When I cried at the end of “Frozen,” it wasn’t just because I was so moved by the unconventional love story.
I was frustrated, too, by the idea that I’d never be as smart as the creative team that had produced what would go on to become the highest-grossing animated film in history.
A prince who’s the (spoiler alert) bad guy! Sisters who (double spoiler alert) save each other! I could have thought of that. But I hadn’t.
So I was simultaneously shocked and heartened to hear Charles Duhigg’s take on the film when we spoke this week: “It’s not that clever and original.”
Duhigg is a Pulitzer-Prize-winning journalist and author of the new book “Smarter Faster Better,” about the science of productivity. He devotes a chunk of the book to breaking down the creative process behind “Frozen,” and argues that anyone can use the same system that worked for Disney.
Duhigg told me that “Frozen” only seems clever and original because it “takes old ideas and pushes them together in new ways.” And that, he suggests, is a hallmark of creativity.
After the “Frozen” team’s initial idea bombed when they showed it to a preliminary audience of Disney employees, they were forced to go back to the drawing board.

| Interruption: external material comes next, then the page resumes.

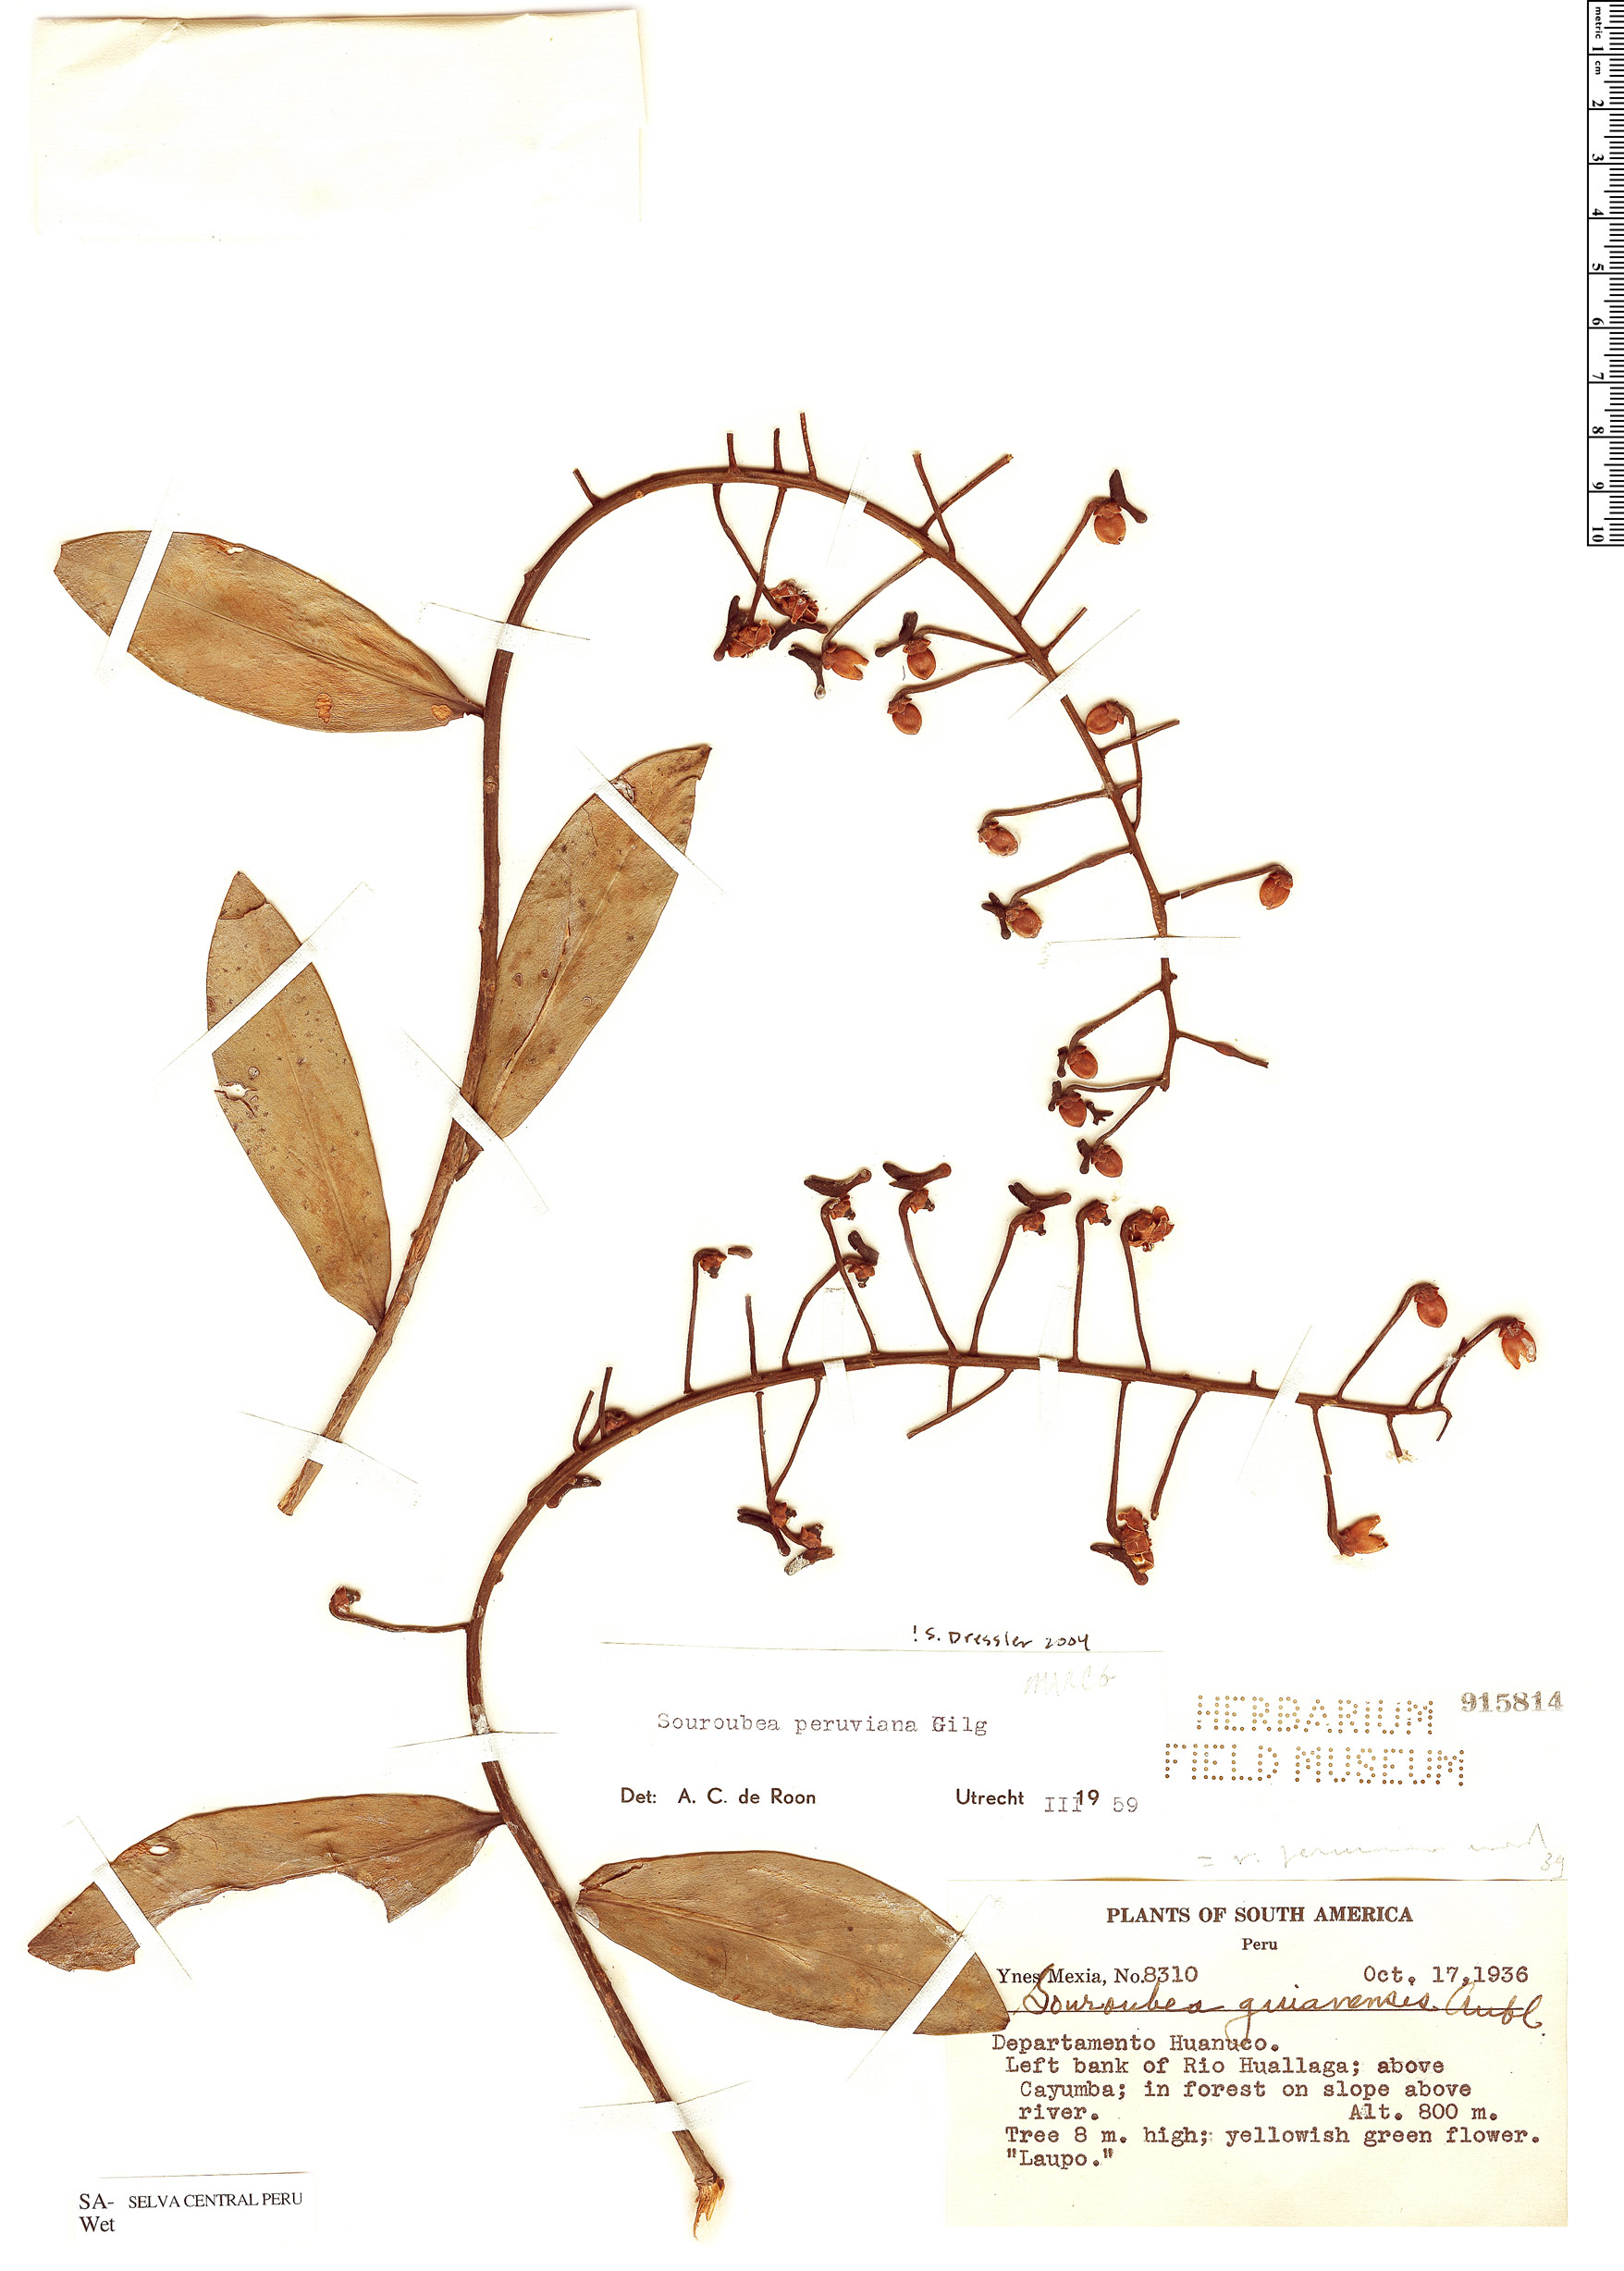 Specimen: Souroubea peruviana

Specifically, Duhigg said, they went back to “things we know are true and real.”
Those things turned out to be princesses — something Disney has a near-century of experience with — and relationships between sisters — something that was especially important to Jennifer Lee, who joined the “Frozen” team as a writer and later became a director.
What if they made a movie about two princess sisters who had a complicated relationship and ended up rescuing each other from trouble? Bam.
But by the time this realization hit, there was just over a year left to finish the entire movie, and the team was understandably frazzled.
Duhigg told me that such uncertainty can be a good thing — and that it’s part of the creative process.
In the book, he writes: “Recognize that the panic and stress you feel as you try to create isn’t a sign that everything is falling apart. Rather, it’s the condition that helps make us flexible enough to seize something new. Creative desperation can be critical; anxiety is what often pushes us to see old ideas in new ways.”
Ultimately, Duhigg told me, “creativity isn’t about people being creative. It’s about having a creative system.” That means anyone can learn to be creative if only they embrace some of creativity’s core components: uncertainty and new perspectives.
In other words, we all have a shot at becoming the brains behind the next “Frozen,” if as Duhigg writes, “we’re willing to embrace that desperation and upheaval and try to see our old ideas in new ways.”